CLINTON — Cold temperatures and snow flurries didn’t keep eagle-watching enthusiasts indoors Saturday, as the 30th annual Bald Eagle Watch unfolded as planned at Lock and Dam 13 in Fulton, Ill., and Clinton Community College in Clinton.
Although attendance numbers didn’t reach as high as normal for the annual eagle appreciation day, several local residents and non-residents braved the weather for a chance to glimpse the majestic bird of prey.
The Koley family traveled from Aurora, Ill., for the event, and for them, the afternoon didn’t disappoint.
“We came last year and the kids had so much fun we decided to come again,” Diana Koley said.
As her daughter Juliann looked through a telescope in search of a group of roosting eagles in the trees at Lock and Dam 13, US Fish and Wildlife Services biological science technician Eric Tomasovic explained why the eagles chose the location, and what keeps them around in the cold weather.
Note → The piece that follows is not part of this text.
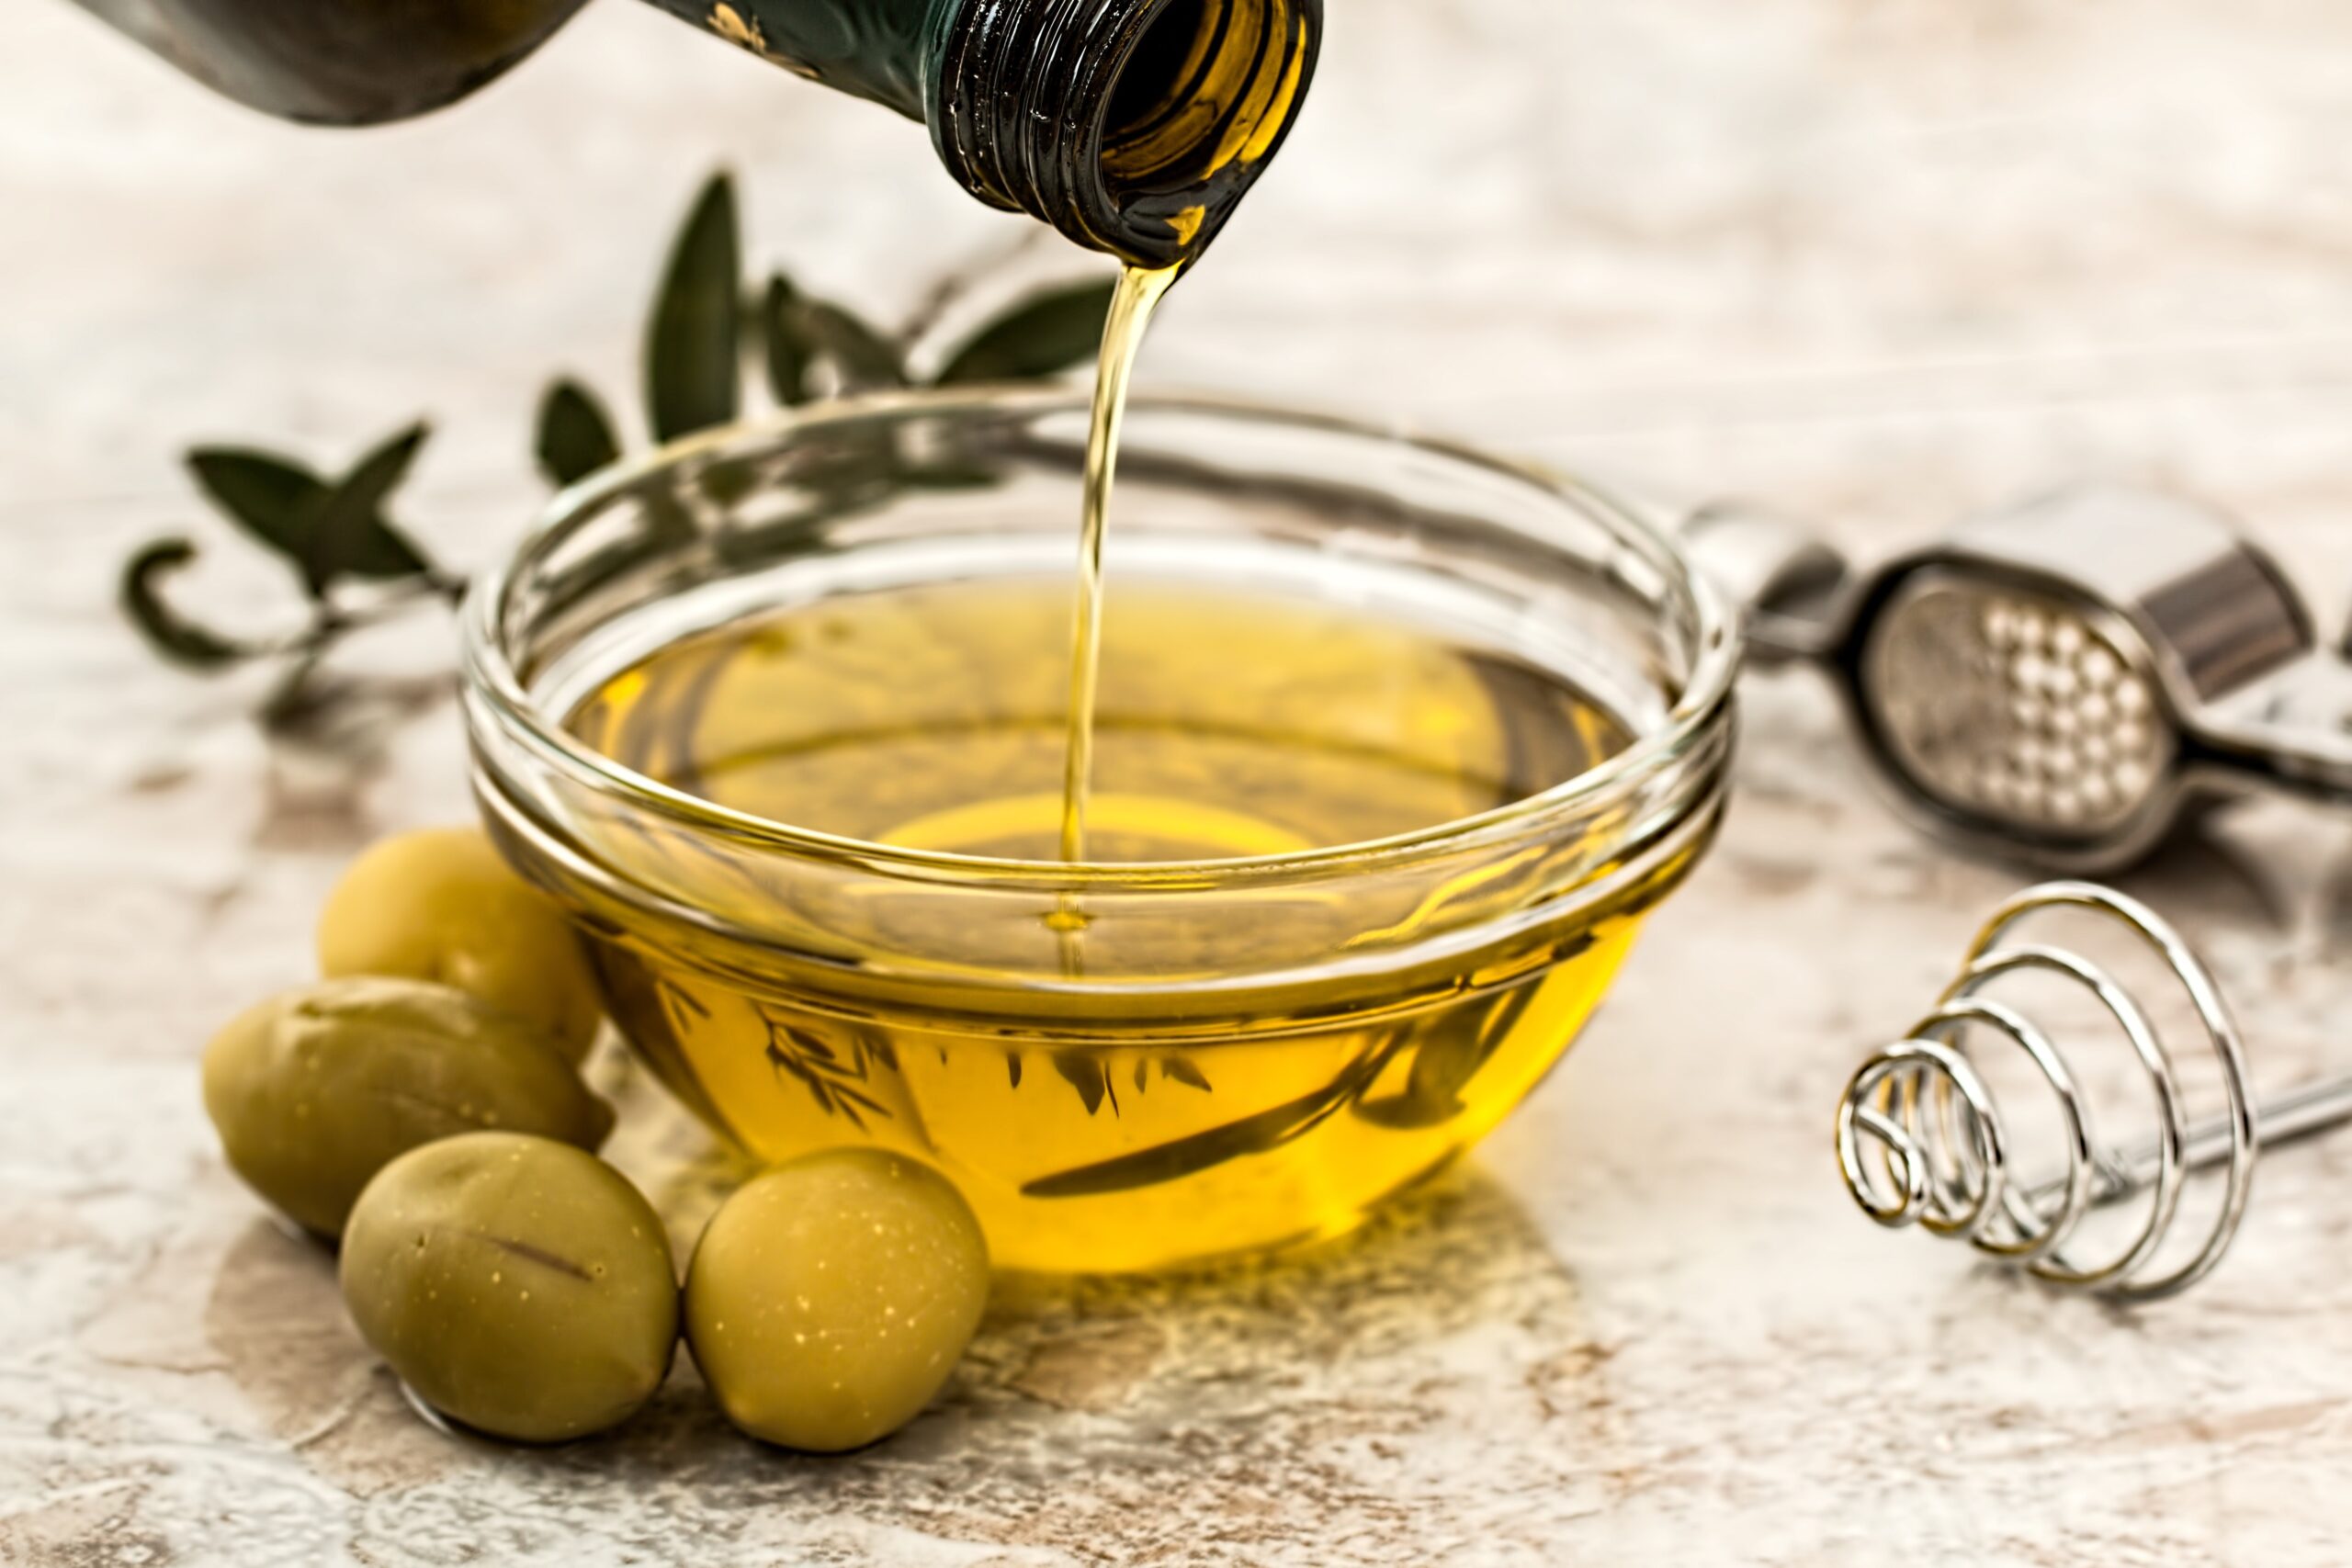 Is Saffola Oil Good For Health?

“They come here to eat,” said Tomasovic to a group of children on the looking post of Lock and Dam 13.
The group had plenty to see Saturday at Iowa’s longest-standing eagle watching event, when they shuttled back to CCC for the live eagle program put on by the National Eagle Center from Wabasha, Minn.
National Eagle Center naturalist and volunteer coordinator Katie Rymer welcomed the group with an excited and crowd-driven presentation that featured 7-year-old bald eagle Was’aka.
Rymer explained that Was’aka was one of five eagles that call the National Eagle Center home because of permanent injuries that prevent him and the others from surviving in the wild.
Despite the blindness in his left eye, Was’aka impressed the crowd at CCC with his massive wingspan and strong beak as he chomped down on feeder mice during the program.
Kids and adults also had an opportunity to test their wingspan and strength at the interactive event, as well as speak with local environmental officials with the US Army Corps of Engineers, US Fish and Wildlife Services and Iowa Department of Natural Resources.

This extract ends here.